Well that is a good question, I can't give you the answer to that. There are many factors that contribute to things like skew, reflections and cross talk and they all add up.
I can give you the answer to that.

The coupling between adjacent traces within a layer, is typically small, less than 30%. (I have to use "typical" here, because the board stackup is not specified. If stackup, material, and trace width measurements were provided, the equivalent circuit could be solved for.)
So, if one trace has a full logic step, even if it's directly adjacent to another, the amount of induced interference is only about that much -- 30% of the full step, or whatever.
Crosstalk drops rapidly with separation, so that, say, 20 mils away from a 7 mil trace, in a 10 mil stackup, will be more like, uh, 5 or 10% I think. (I don't have the numbers handy -- I'm pulling these out of my ass -- but they are easily solved for with a coupled-line calculator. Search for one!

) That's enough to upset timing in a critical interface (you wouldn't want to run your RF synchronizer clock through here), but well within the capability of a typical commodity serial bus!
And as I said above, length matching is the more critical factor -- if a pair is routed from point A to point B, and ends up going through a few bends, the innermost trace will have less length than the other, and so
must make a small loop somewhere to take up that difference. Preferably, this happens at the corner, preserving the condition I gave above (lengths matched throughout the route).
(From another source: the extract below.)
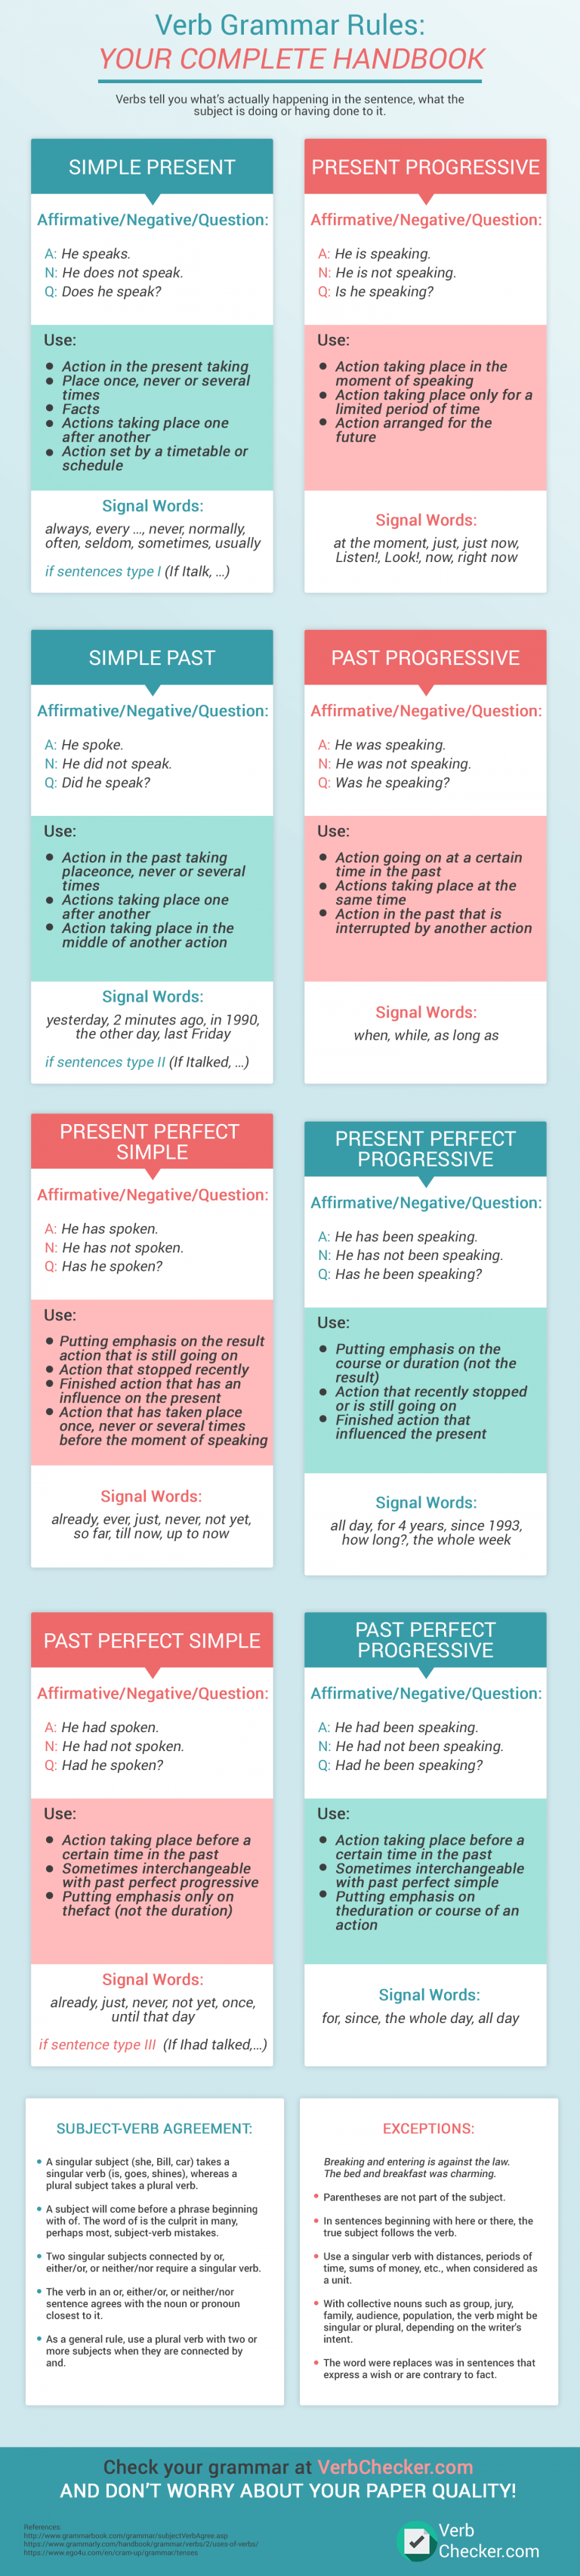 verb-grammar-rules-your-complete-handbook-infographic-portal

Interference is also a length-dependent thing. A length-tuning feature nearly touching another trace won't introduce much interference, it's probably a small fraction of the wavefront (the length of the wavefront being, the signal's risetime as it appears in space, moving at the speed of light). If they were routed poorly so that there's a long stretch of proximity, there will be much more crosstalk, up to the full coupled amount (give or take frequency content, because of resonant effects of coupled lines).
So no, for almost all cases, don't worry about it, prioritize the other things. Don't ignore these aspects, of course, but don't compromise higher priority aspects!